Pan Jian Feng (b. 1973) is a Shanghai-based artist with a background as one of China’s foremost typeface creators and design strategists. Having worked for big multinational agencies and having later founded his own company, Alt-Design, Pan recently changed the corporate world to a life of an artist. Exploring Chinese daily life, his projects range from photography and video installations to ink painting and porcelain.

Written people.

Written people in the life of Pan Jian Feng.

“It’s all about life,” Pan Jian Feng tells me about taking up art. “Art is more like a continuation of my life while in an agency you always had to work according to a brief.” However, in China, moving from the corporate world to the artistic one is rare. “It made my mom very angry,” he says.

One of Jian Feng’s projects is to paint all the interesting people that he meets. “It’s my daily practice – like a visual diary,” he explains. “I document at least 20 people each day. Some are my friends, some are neighbours, some I’ve never met before.” His paintings have a close connection to Chinese calligraphy. Instead of “painting” people, he actually describes his activity as “writing” people. And just as in Chinese calligraphy, he respects the process: “It’s not about writing correctly, it’s about meditating.” Like this project, many of Pan Jian Feng’s works seem to reflect the contemporary meaning of Chinese skills – or Chinese life in general.

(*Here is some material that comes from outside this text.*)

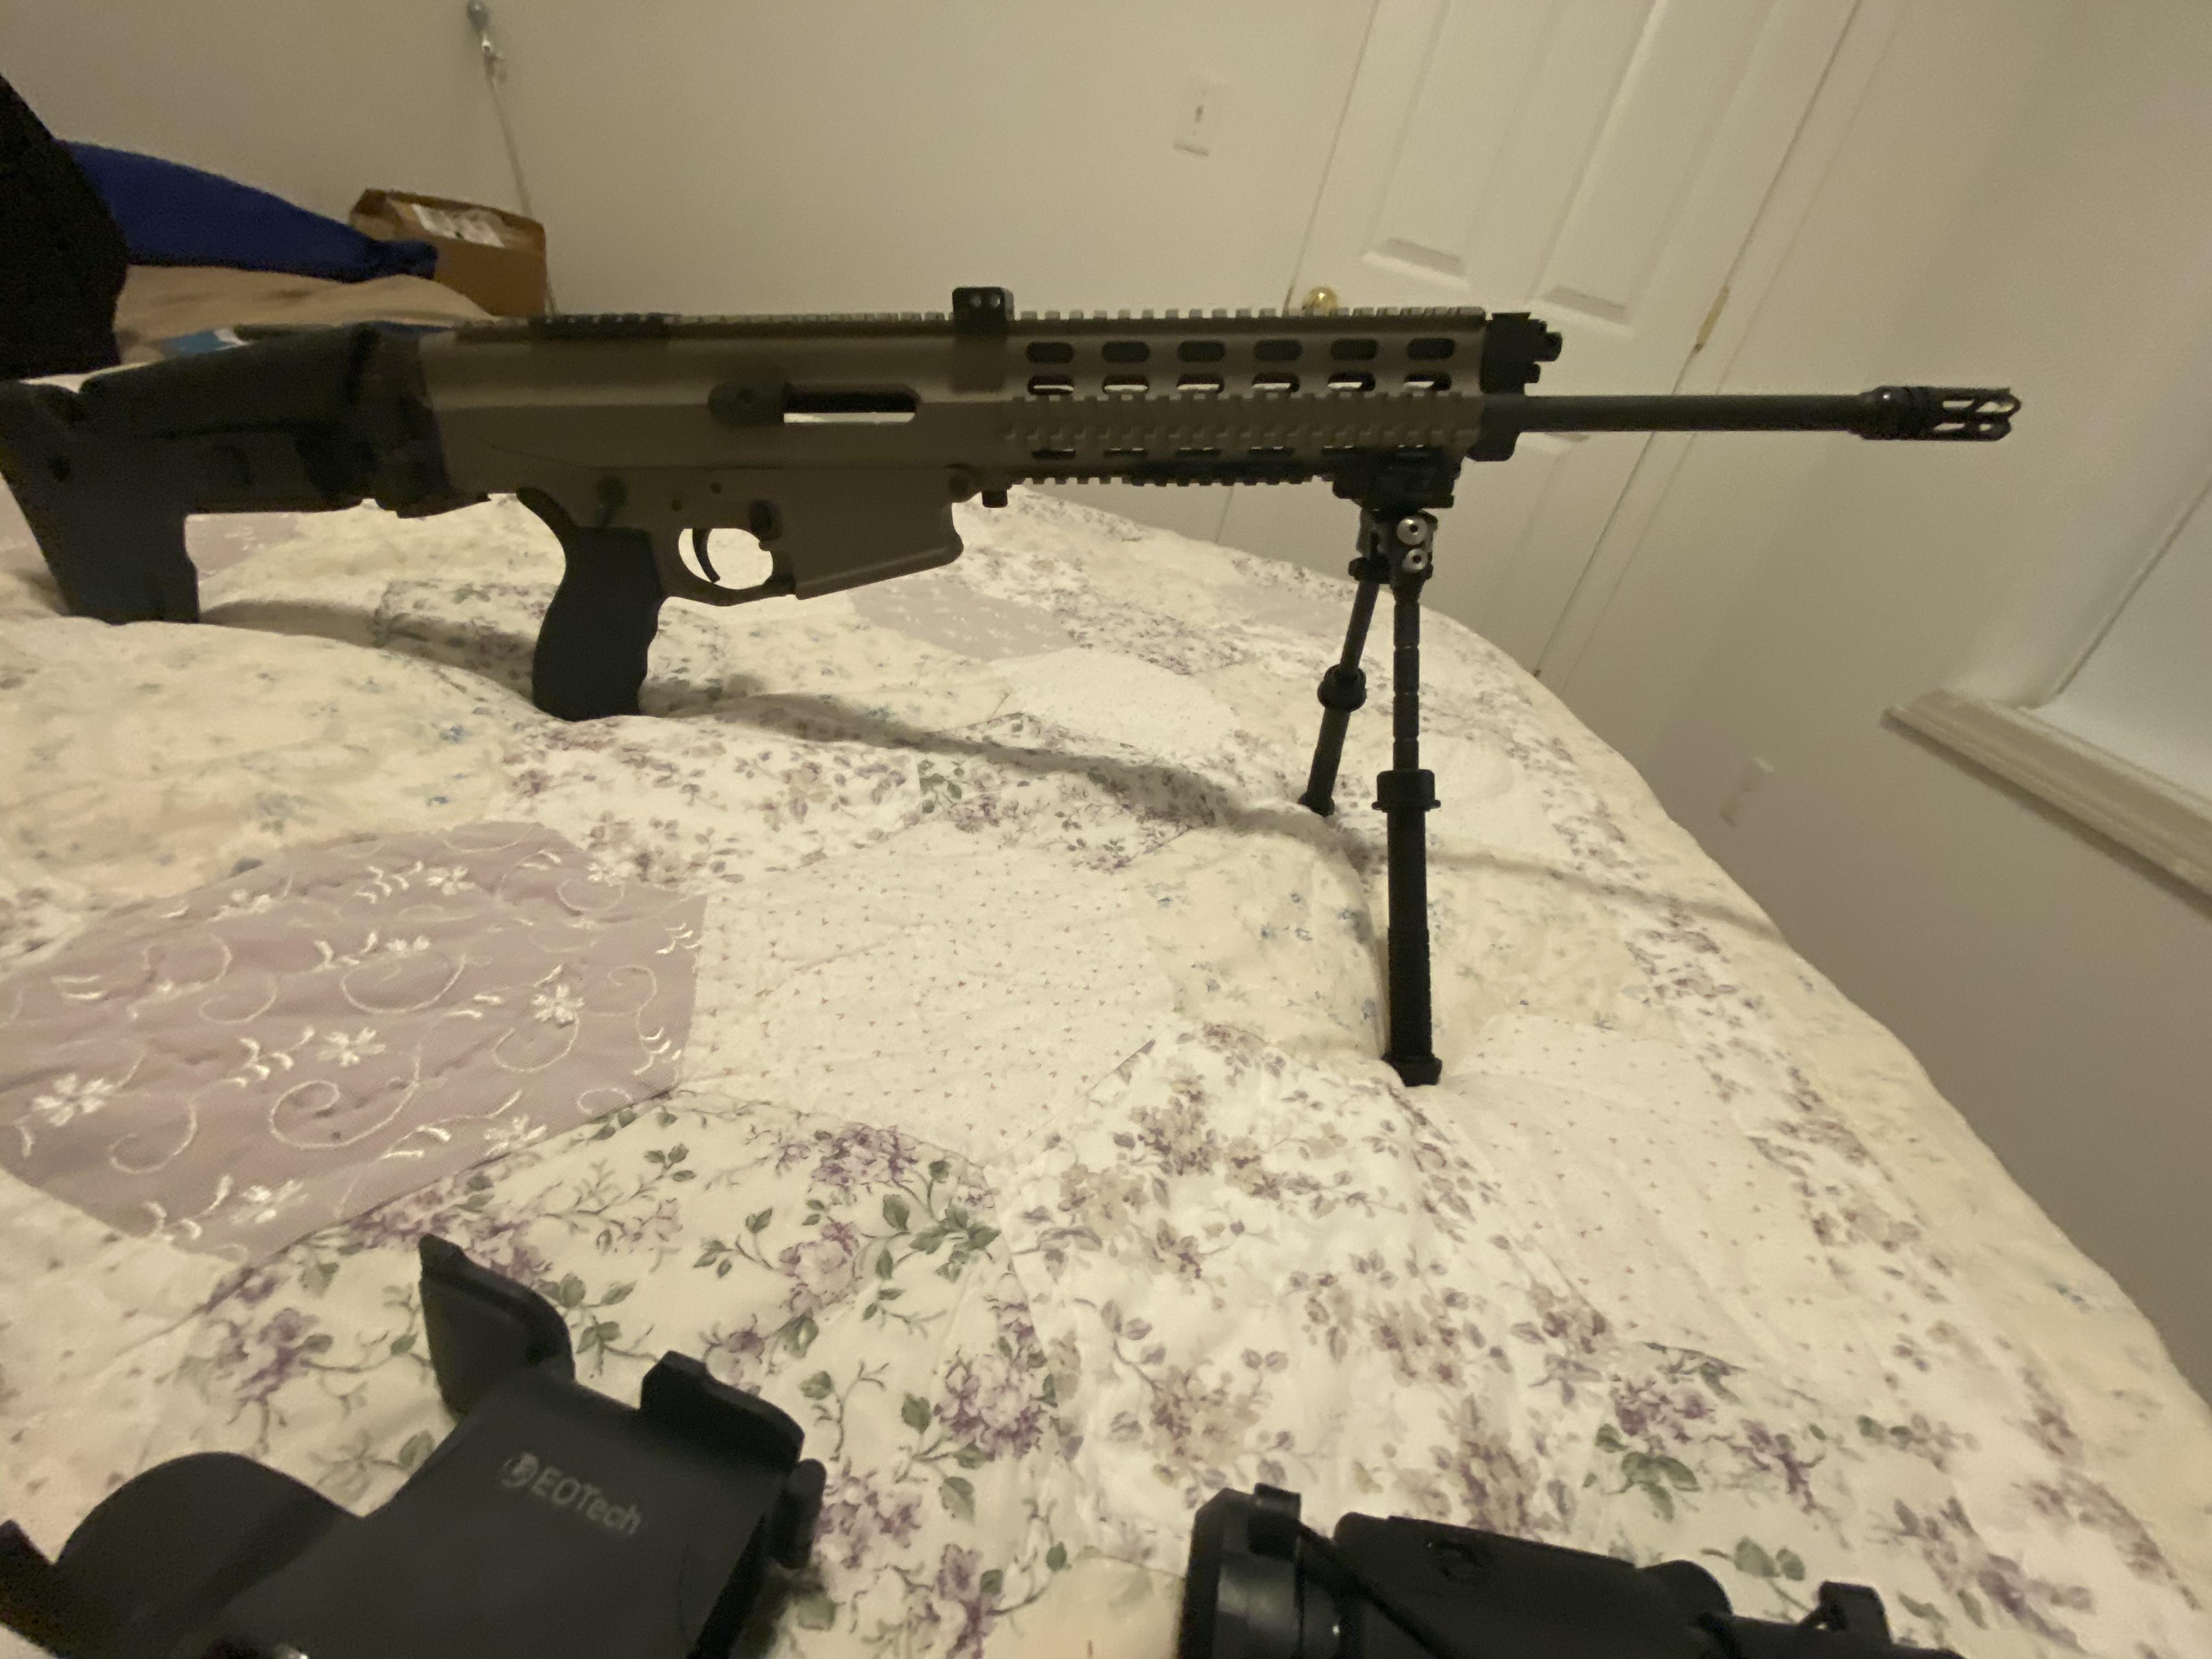 "WTS: XCR-L 5.56 16"" rifle - ezed/acr - plus extras-fb96d272-12ea-4412-96dc-5080e7b52159_1572481967694.jpeg"
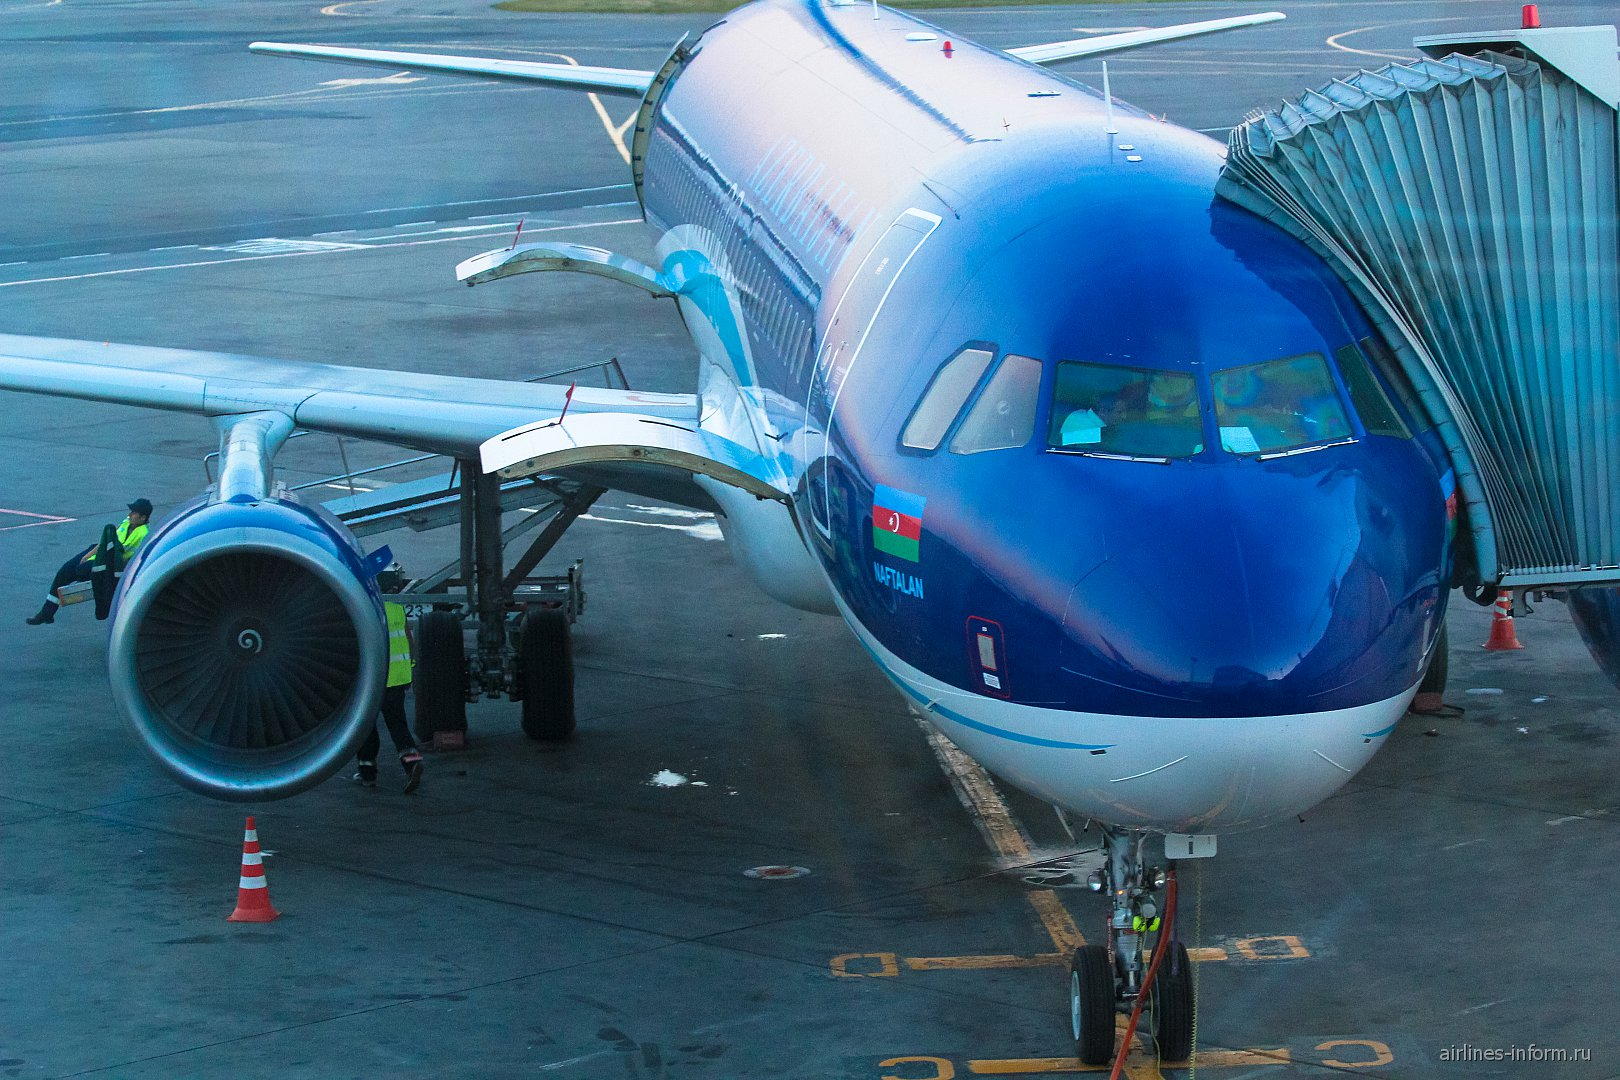 Airbus A320 Азербайджанских авиалиний в аэропорту Домодедово

“When I was travelling in southern France, I was very impressed by the blue colour of the sea,” Pan Jian Feng explains another project on Chinese identity. “I wanted to share this blueness with my Chinese friends, but didn’t know how to bring the blue back to China.” In China, the concept of blue is linked to the Western world and during the past century, China has been trying to learn from the West and find its own way at the same time. “The question that emerges is, what is the true blue that China should study and how,” he continues. As a reaction to the fast pace of change, Jian Feng has used traditional Chinese objects like enamel cups as media for his work in a country, where people tend to be in constant search of something new, forgetting the old.

In the blue in southern France.

In the blue in southern France.

Like the Western blue or the enamel cup, Pan Jian Feng’s work involves a lot of symbols that require some knowledge of Chinese culture and aesthetics to understand. For instance, while studying Visual Communication at the University of Central England, he made a design with red images representing longevity and happiness, which his tutor interpreted as bloody and violent. Moreover, his typography often involves hidden messages playing with the Chinese writing system.

Currently Pan Jian Feng is focusing his skills on experimental typography with the aim of developing a forum for international dialogue in the field. His latest works include a game which applies Chinese calligraphy styles and techniques to Western typography and contemporary communication. In the meanwhile, he keeps on reading and writing people.